Oireachtas Joint and Select Committees

Tuesday, 21 May 2013

Joint Oireachtas Committee on Agriculture, Food and the Marine

Groceries Sector: Discussion (Resumed) with Fresh Milk Producers

2:25 pm

Photo of Éamon Ó CuívÉamon Ó Cuív (Galway West, Fianna Fail) | Oireachtas source

I welcome the witnesses here today. This subject goes way beyond farmers. If there is no fresh milk on the supermarket shelves some winter, many people would ask why we did not see this coming. It is interesting the National Milk Agency was set up in response to a problem.

It was not mentioned but I would like the witnesses to comment on the fact that part of the leverage the supermarket multiples have is the importation of milk that is produced at a lower cost from Northern Ireland. The amount of milk coming in has increased to 26% of the milk now being sold in the liquid milk market.

Why can they produce it at a lower price in the North? I also understand their peak to trough ratio is much lower than ours. Milk production is spread out more evenly over the year. Why is that? If there was a single island economy, with the same cost base North and South, it would not be as easy for multiples to exert pressure.

It was said there is a loss of 9 cent per litre. To me that means in simple terms a producer loses more the more he produces. There is no incentive to produce more; there is an incentive to get out of the business completely. How is that calculated? Does it include the single farm payment and the other grant payments? Is it just the actual production and sale of a litre of milk? Presumably that would include capital write off, where a producer must keep reinvesting in the business. Perhaps that could be explained without going into complex accountancy exercises.

I looked at the National Milk Agency report. It was interesting that between 1995 and 2011, the percentage that goes to the producer has fallen from 43% to 32%, with the figure dipping under 30% in 2009 and 2010. It has fallen from 40% plus at a steady level down to 30% give or take. That is a huge fall. Has that been caused by the importation of milk creating this leverage? How was that allowed? The National Milk Agency looks at the contract and the relationship between the processor and the farmer. Since the 1990s, the power has shifted from the processor to the multiple and those are more powerful now, along with the leverage they enjoy from the imports. Is that where the power has shifted? Is that the reason for the overweening power of the multiple to push down the price?

Does it make a difference that the number of processors has decreased radically? Is it a challenge or is that irrelevant? Is it a major problem that the multiples are now the biggest purchasers and power is concentrated in their hands? We have had the multiples in here and they gave their side of the story, although Dunnes Stores did not come in so we do not know its side of the story.
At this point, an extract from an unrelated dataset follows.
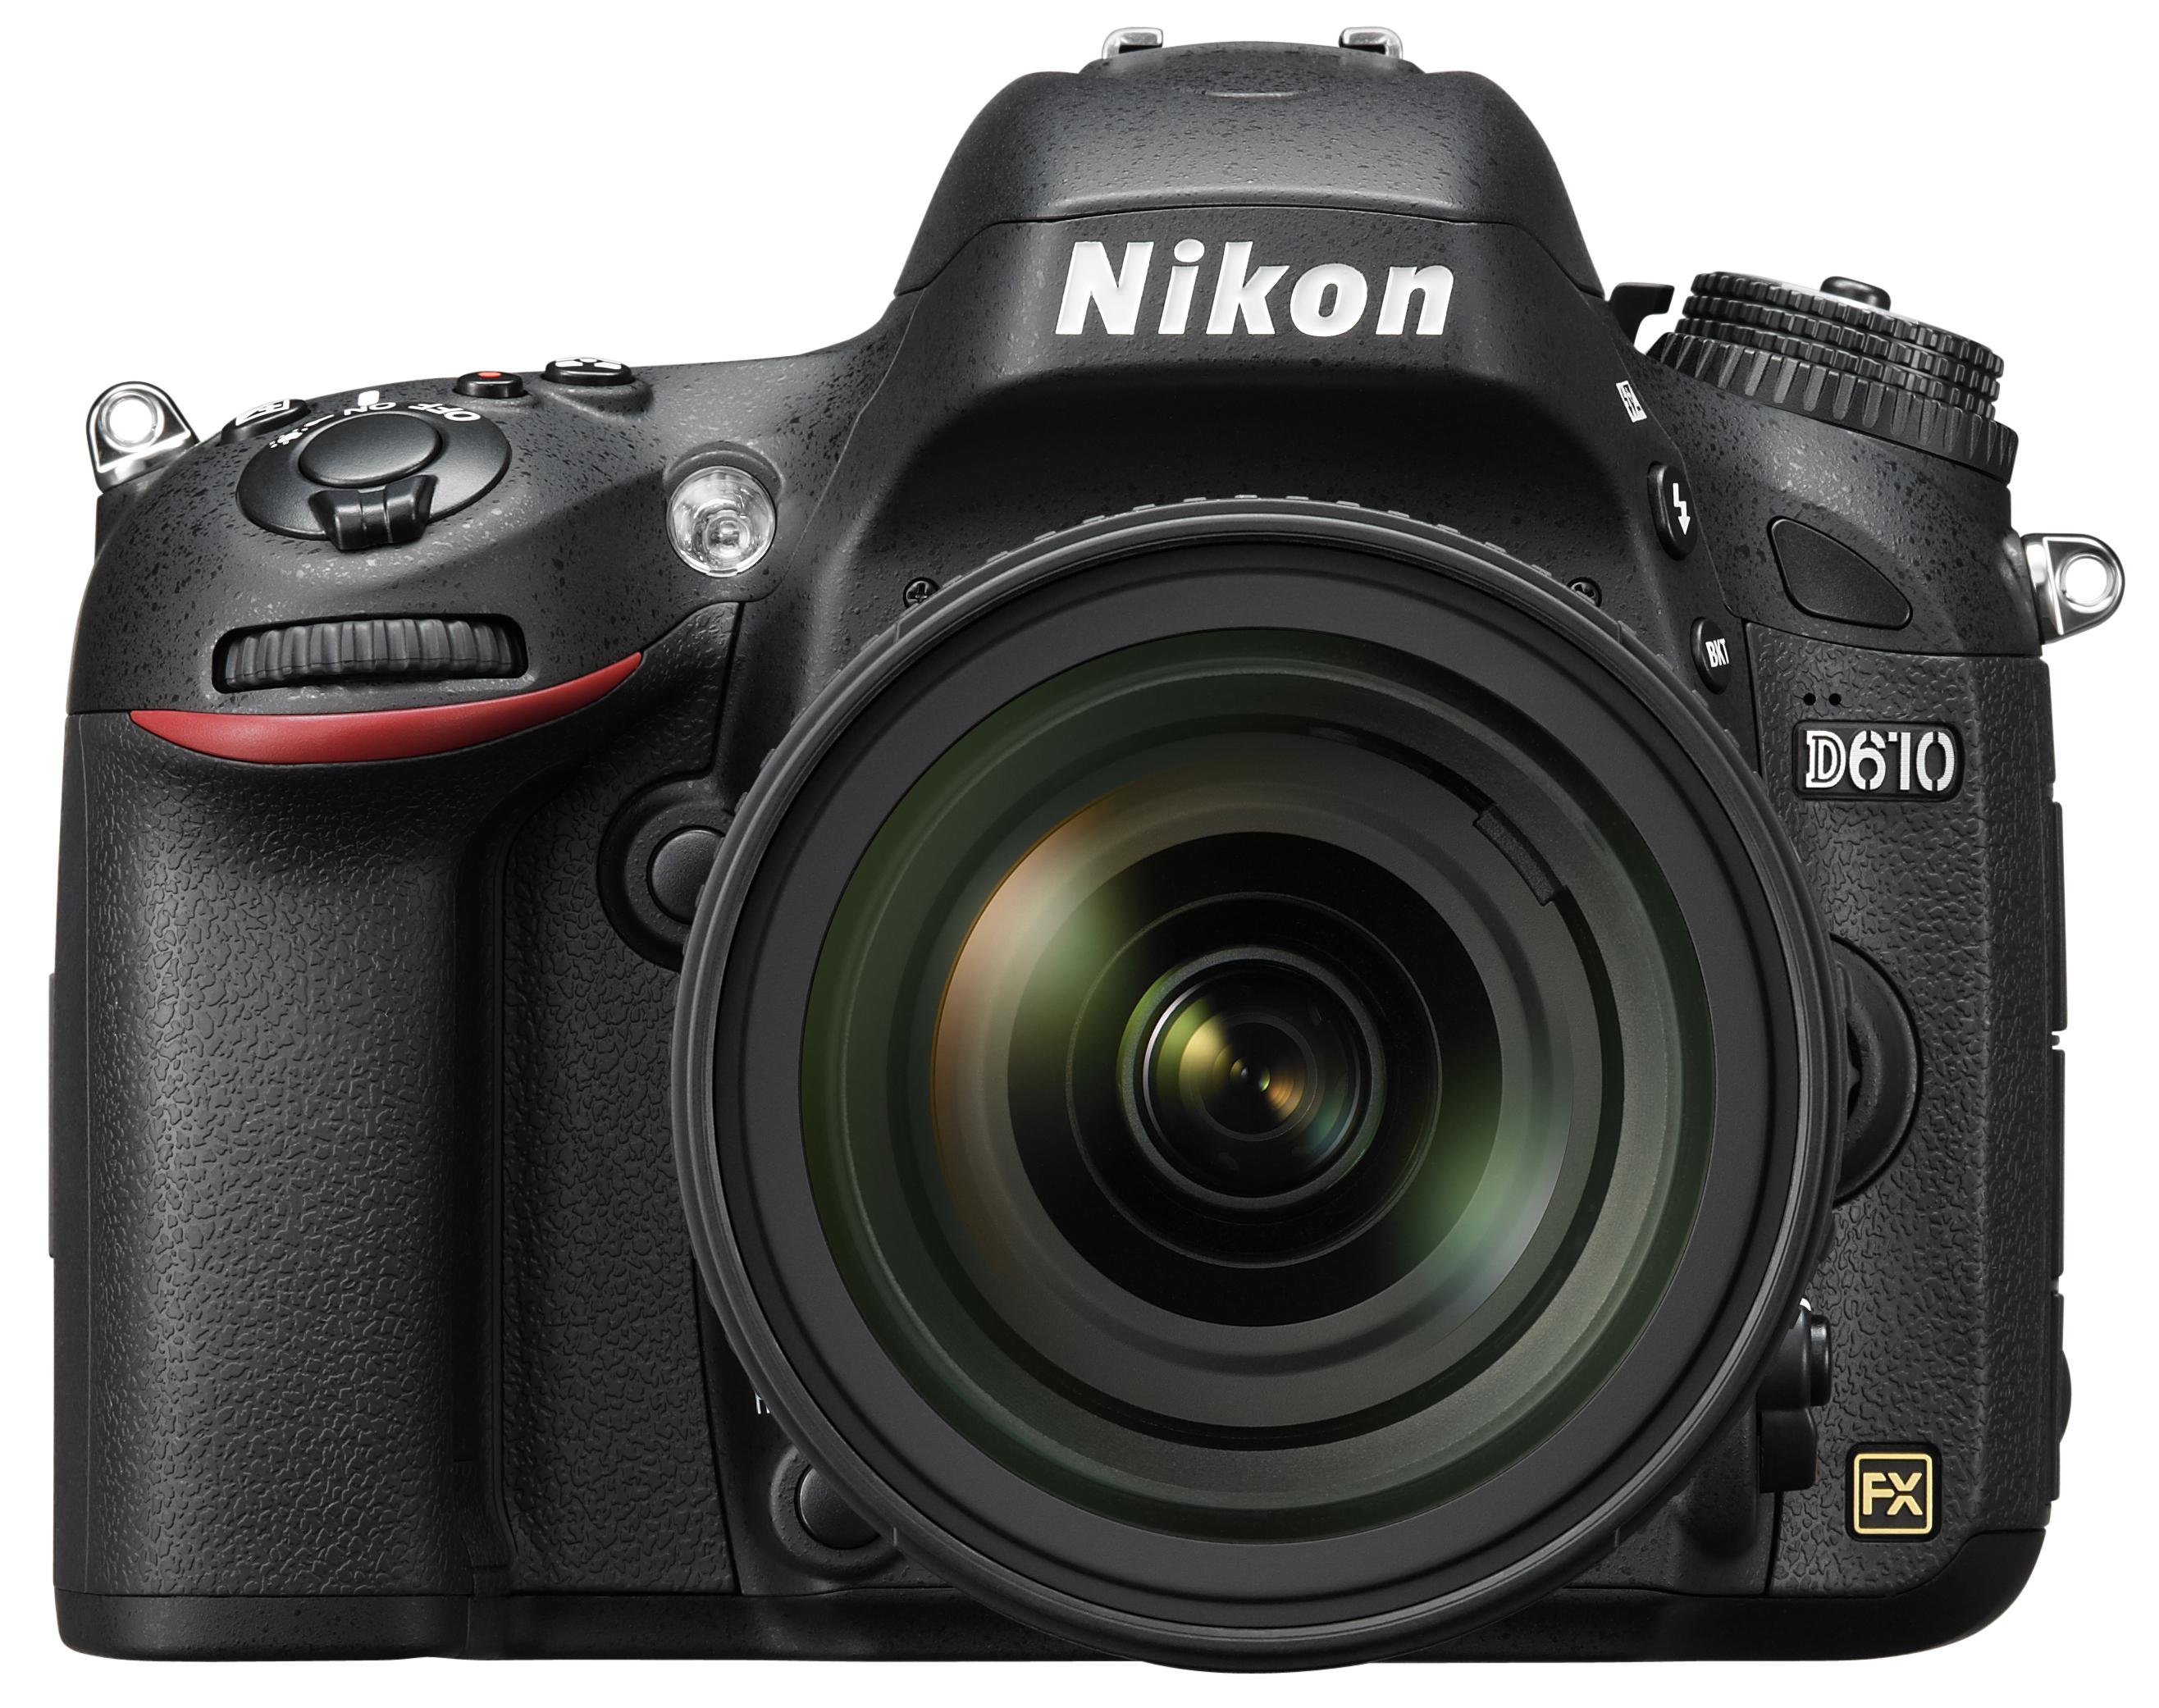 Nikon D610 er Nikons inngangskamera til fullformatverdenen. Foto: Nikon

This committee wants answers; we want to resolve the issue. We can hear the problems but we want legislative proposals to solve them. We will be looking at the issue in depth to see if it is possible within the new EU legislation for us to act. We face the challenge from the Competition Authority that the price for the consumer must be reduced at all costs and it does not matter what the collateral damage is over time, even if that means leaving the consumer without winter milk.